Emerging evidence demonstrates that post-translational modification plays an important role in several human complex diseases. Nevertheless, considering the inherent high cost and time consumption of classical and typical in vitro experiments, an increasing attention has been paid to the development of efficient and available computational tools to identify the potential modification sites in the level of protein. In this work, we propose a machine learning-based model called CirBiTree for identification the potential citrullination sites. More specifically, we initially utilize the biprofile Bayesian to extract peptide sequence information. Then, a flexible neural tree and fuzzy neural network are employed as the classification model. Finally, the most available length of identified peptides has been selected in this model. To evaluate the performance of the proposed methods, some state-of-the-art methods have been employed for comparison. The experimental results demonstrate that the proposed method is better than other methods. CirBiTree can achieve 83.07% in sn%, 80.50% in sp, 0.8201 in F1, and 0.6359 in MCC, respectively.

1. Introduction

Human genome project has been successfully completed in the end of the twentieth century. More than 20,000 protein-coding genes have been reported. These coding genes construct the intact proteins in the biological processions. Nevertheless, this information can hardly cover the relationships among the proteins and the human biological processions [1, 2]. With the development of the proteomics, several types of post-translational modification (PTM) have been reported in the level of protein. These modifications have the ability to construct protein structure and maintain proteins’ stability. According to the foundational protein composition, PTMs make contributions to translating peptides [3, 4]. A great number of PTMS can alter physiological activity. Meanwhile, several PTMs have reversible biological functions. It was noted that PTMs take part in several diseases. For instances, PTM enzymes are involved in neurodegeneration diseases, especially in patients with AD and Parkinson’s disease [57]. So, having a good knowledge of PTMs is critical for achieving basic biology functions, the human diseases’ detection, and drug target [8, 9]. It was pointed that an increasing number of modification sites can be identified with the methods of machine learning. Nevertheless, the majority of machine learning approaches and experimental ones are inherently expensive and time consuming. Therefore, constructing an accurate and effective identification algorithm seems to be an urgent issue in the field of computational biology.

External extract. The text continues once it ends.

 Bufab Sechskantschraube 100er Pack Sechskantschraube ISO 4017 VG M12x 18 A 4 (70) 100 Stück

Citrullination, which can be treated as a special type of deamination, is one of the most universal type in the level of post-translational modification [10, 11]. Citrullination has been reported in several biological processions, including cytoplasmic, nucleic, and membrane [12]. In order to have a good knowledge of the mechanisms of citrullination, one of the most significant steps can be regarded as the effective and accurately classification on the modification sites and nonmodification ones. It was pointed that several proteomics approaches, which include immune detection [13], colorimetric detection [14], and mass spectrometry [15, 16], should be utilized in this field. Nevertheless, these abovementioned methods’ experimental approaches can be regarded to be time consuming to some degree [17, 18].

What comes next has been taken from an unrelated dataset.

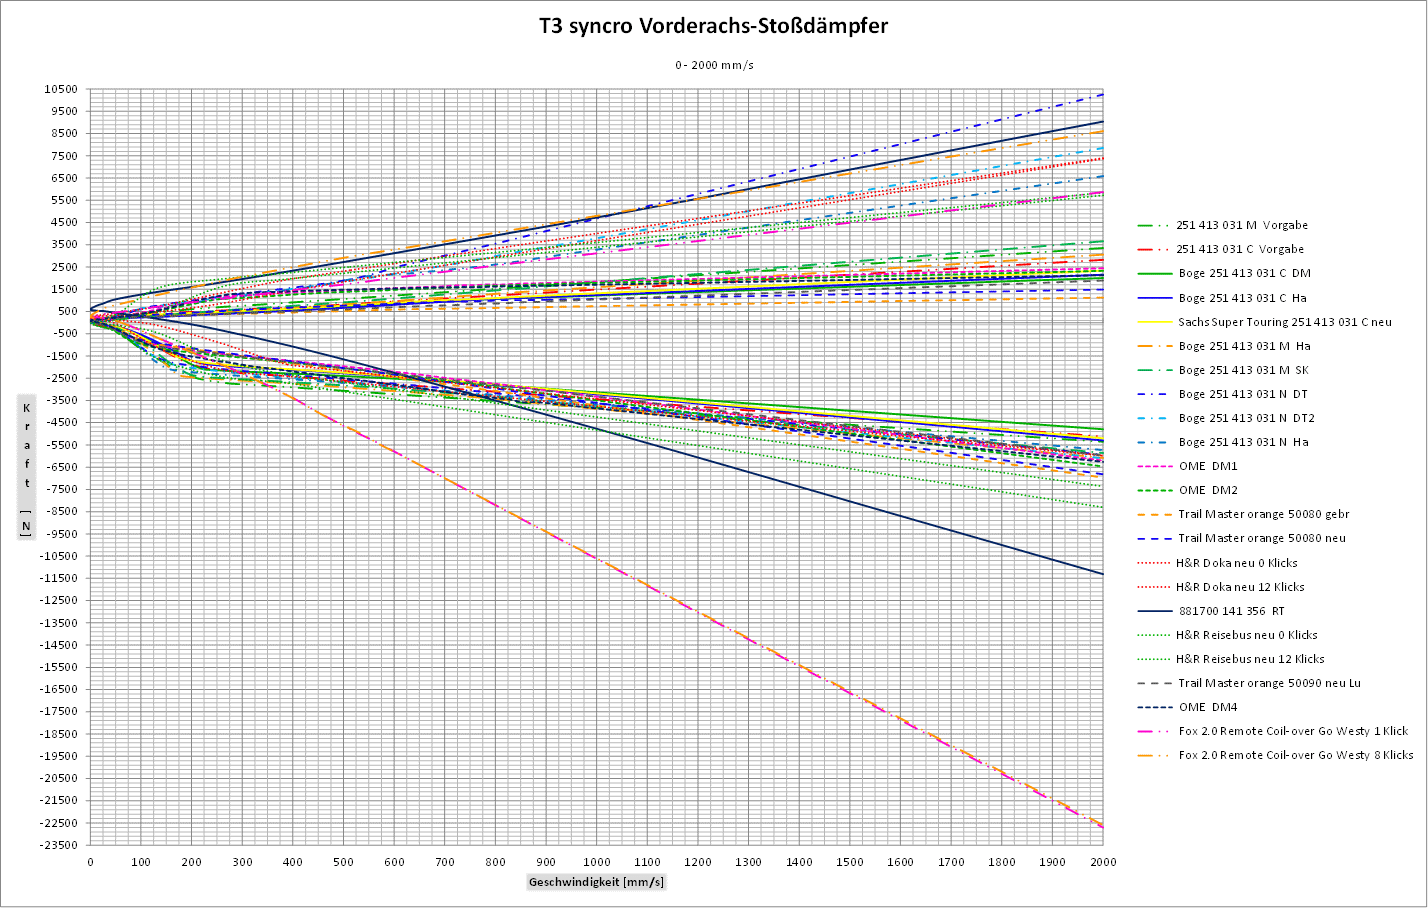 T3 syncro Vorderachs-Stossdaempfer Diagramm 0-2000+.gif

With the development of machine learning and artificial intelligence, some methods in silicon have been widely utilized in the area of bioinformatics. It was pointed that computational tools, including phosphorylation [19], methylation [20], acetylation [21], ubiquitination [22], carbonylation [2325], succinylation [26], malonylation, S-sulfenylation [27], and S-nitrosylation sites [28], have been proposed. Currently, Zhang et al. [29] initially proposed a computational approach to identification of such modification residues. Meanwhile, such work has the ability to remove some noise and redundant features [30, 31]. However, these subtle performances of such algorithms cannot be neglected. In order to design an effective and accurate algorithm to classify the citrullination sites in this work, we noted that the available features and the classification model can be regarded as basic elements in this classification problem.

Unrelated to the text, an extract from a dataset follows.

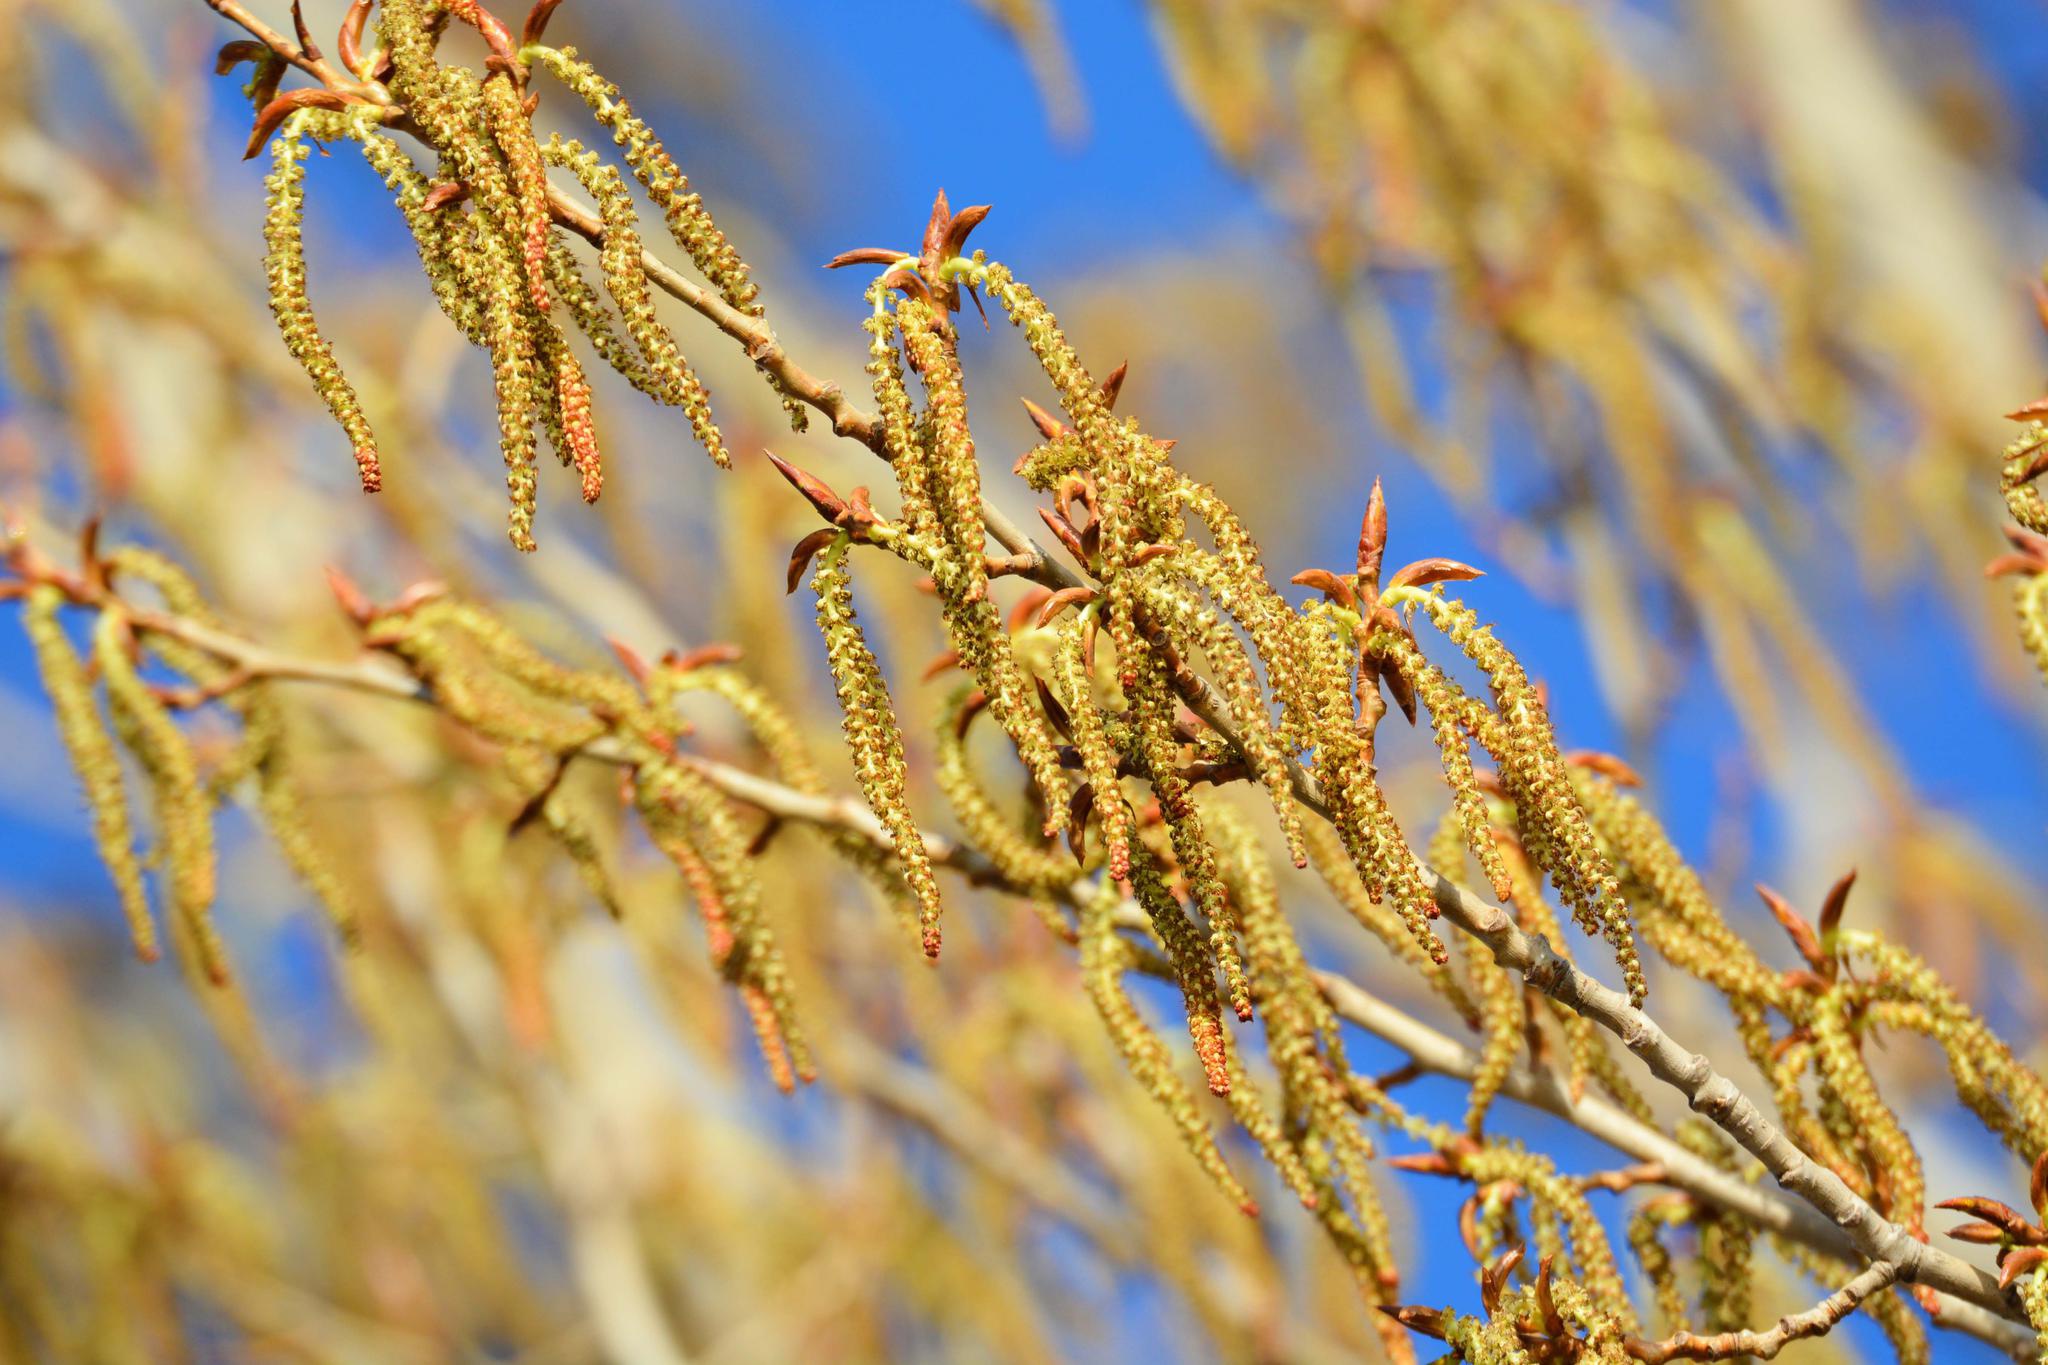 小麦麦穗品种识别数据集 - 哔哩哔哩

The CirBiTree, whose full name is citrullination site identification with a fuzzy neural network and flexible neural tree, has been proposed in this work. First of all, we utilize the biprofile Bayesian to extract peptide sequence information. A flexible neural tree and fuzzy neural network are employed as the classification model in the second step. The most available length of identified peptides has been selected in the final step. To evaluate the performance of the proposed methods, some state-of-the-art methods have been used for comparison. CirBiTree can achieve 83.07% in sn%, 80.50% in sp, 0.8201 in F1, and 0.6359 in MCC, respectively, and the outlines are shown in Figure 1.

2. Materials and Methods

2.1. Dataset

In the work, we take advantage of the training dataset [29], established by Zhang et al., to train and test the proposed algorithm. The dataset contains 116 modification sites and 332 nonmodification ones in the level of citrullination. Meanwhile, each sample has been demonstrated as the style of peptide, whose center amino acid residue is the potential modification site. Therefore, the length of the peptide should be discussed in this experiment. According to such a situation, length ranges from 15 to 21 in the predicted peptide segments are chosen. So as to easily understand the length, we give an example in this section. A sample can be demonstrated as a peptide segment of length 21 in the employed dataset. In order to ensure the same length of each sample, some added residues ‘X’ can be filled in the positions.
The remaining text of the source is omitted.